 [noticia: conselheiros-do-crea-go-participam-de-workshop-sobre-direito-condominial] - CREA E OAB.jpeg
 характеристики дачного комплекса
* * *
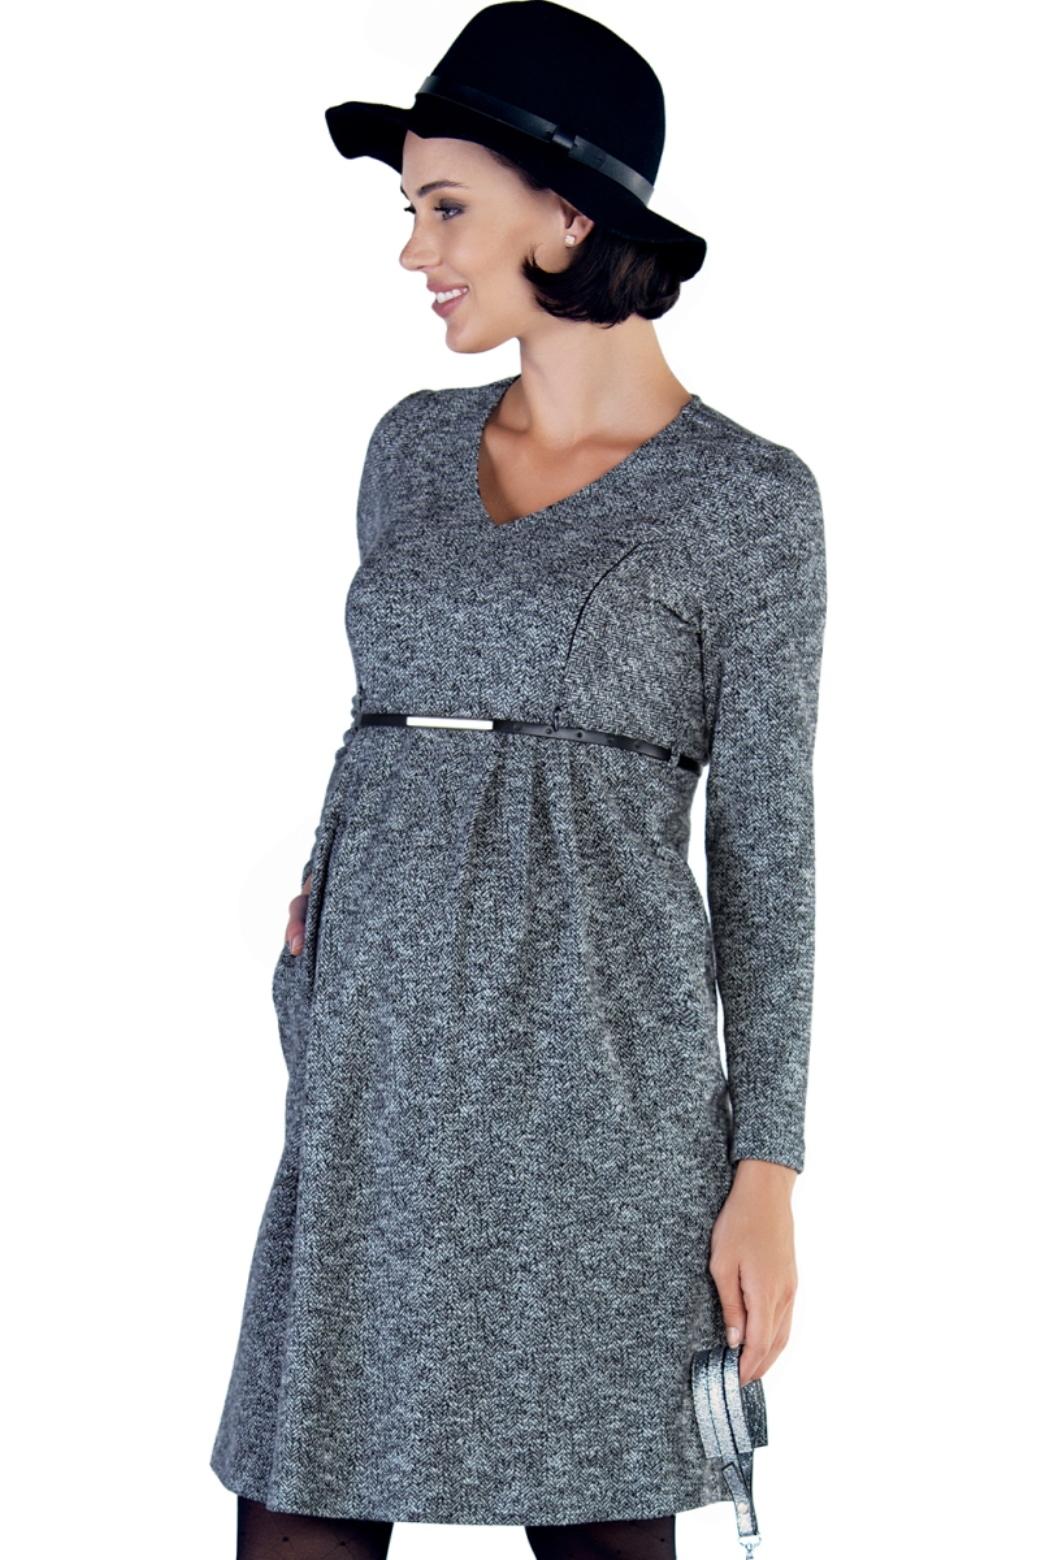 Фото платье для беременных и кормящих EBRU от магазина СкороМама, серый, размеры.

◆ **What the task requires**
Out of the data above, transcribe exactly and only the lines starting with the line that has "CREA E OAB.jpeg" and going on through the line that has "характеристики дачного комплекса", both included.

◆ **Written solution**
 [noticia: conselheiros-do-crea-go-participam-de-workshop-sobre-direito-condominial] - CREA E OAB.jpeg
 характеристики дачного комплекса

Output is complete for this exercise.